Value Investing refers to a philosophy or practice of buying stocks that are fundamentally sound, with a stock price below its obvious value. There are various indicators that Value Investors use to determine that a company is both sound and the stock price is undervalued. The value investor is perhaps more concerned with the business and its fundamentals than other influences on the stock’s price unlike any other style of investor out there.

Fundamentals, such as dividends, earnings growth, cash flow, and book value are more critical than market forces on the stock’s price. Generally buy and hold investors are value investors. They will hold a stock for long term periods and are not concerned with short term swings in the stock price.

When the Value Investor determines that the fundamentals are sound, but the stock is trading at a price below its obvious value, he or she knows that this is a potential investment candidate. The assumption is that the market has incorrectly undervalued the stock. When the market corrects that mistake, then it means that the stock’s price should increase towards the obvious value point.

How do Value Investors find a potential investment?

In the bottom 10 percentile for its sector is price to earnings ratio less than 1 is debt to equity ratio less than 1 is price to book value PEG value of less than 1 Did you know that stock value is trading at 60-70% of its intrinsic value?

The P/E or price to earnings ratio can be calculated by dividing the current price of the stock by the annual earnings per share. Having a higher P/E would mean that the more earnings growth investors will expect and the higher premium they are willing to pay for that anticipated growth.

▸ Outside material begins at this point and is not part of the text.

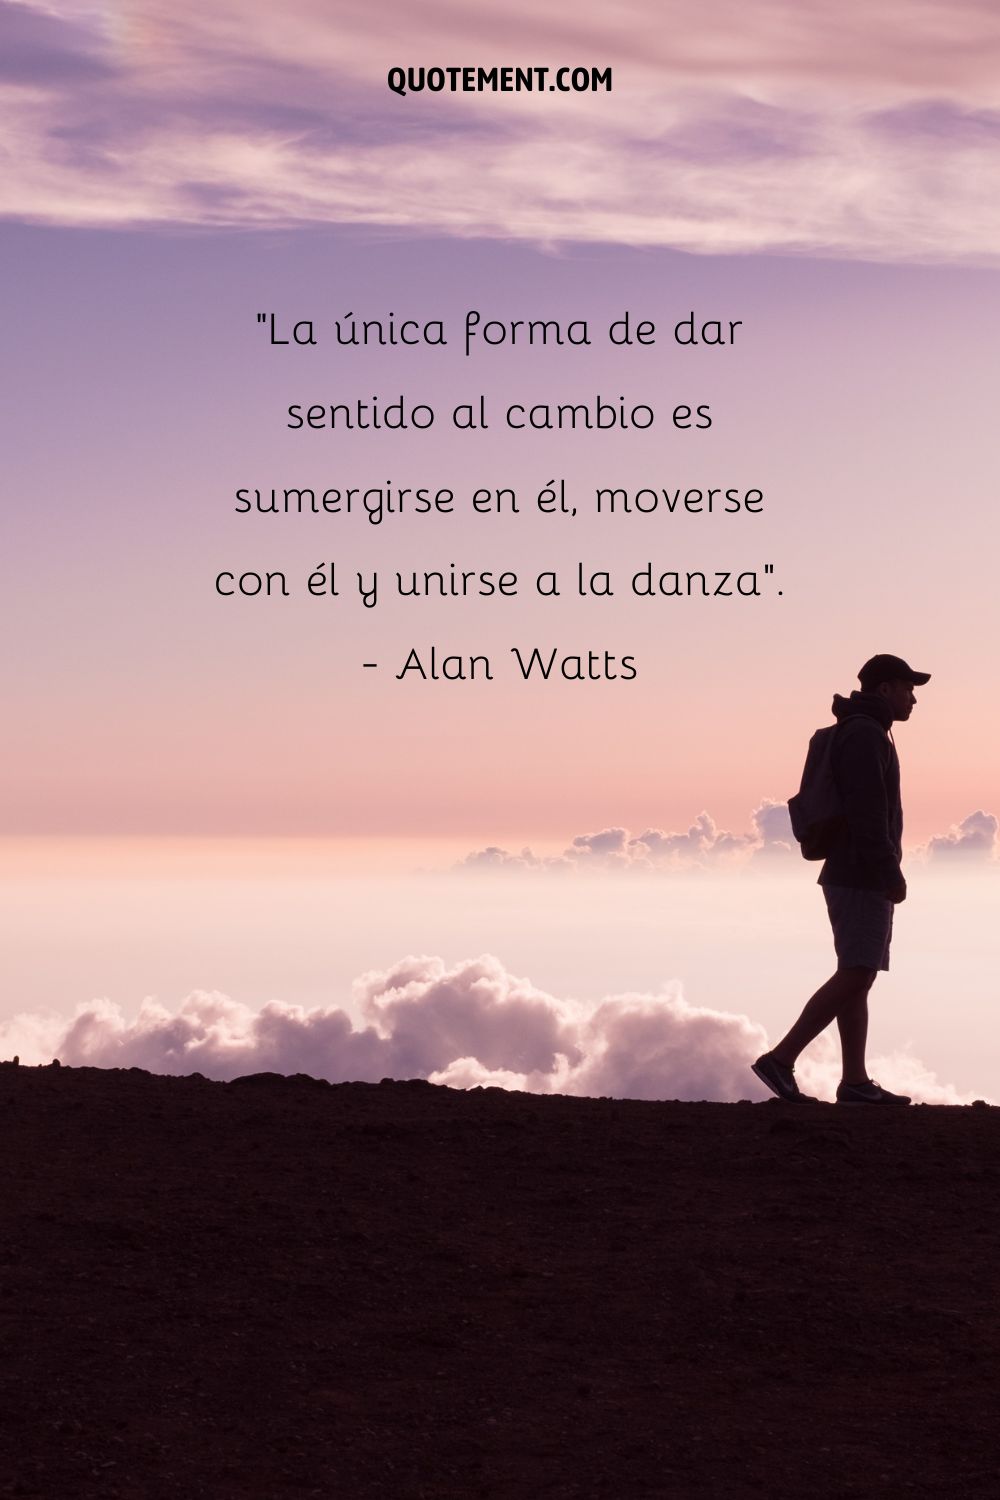 "La única forma de dar sentido al cambio es sumergirse en él, moverse con él y unirse a la danza". - Alan Watts

To calculate debt to equity, you need to divide the total liabilities by the shareholders equity.

Price to Book Value is calculated by taking the current price per share and dividing by the book value per share.

The PEG is calculated by taking the P/E and dividing it by the projected growth in earnings.

A complicated process is the intrinsic value of a stock and it is also considered an inexact science by most investors. Generally, the intrinsic value of a company or an asset is determined based on an underlying perception of the value. Brand Name, Goodwill, and barriers to entry in a market are some of the factors that will determine the intrinsic value of a stock. The MorningStar.com is what you may be interested in for helping you determine a stocks intrinsic value. What they do is calculate a number called ‘fair value’ and this is similar to intrinsic value.

Many investors have increased their wealth substantially using a value-based approach to investing. This overview of Value Investing suggests a philosophy that works well over time if you buy carefully and use patience to hold for the long term.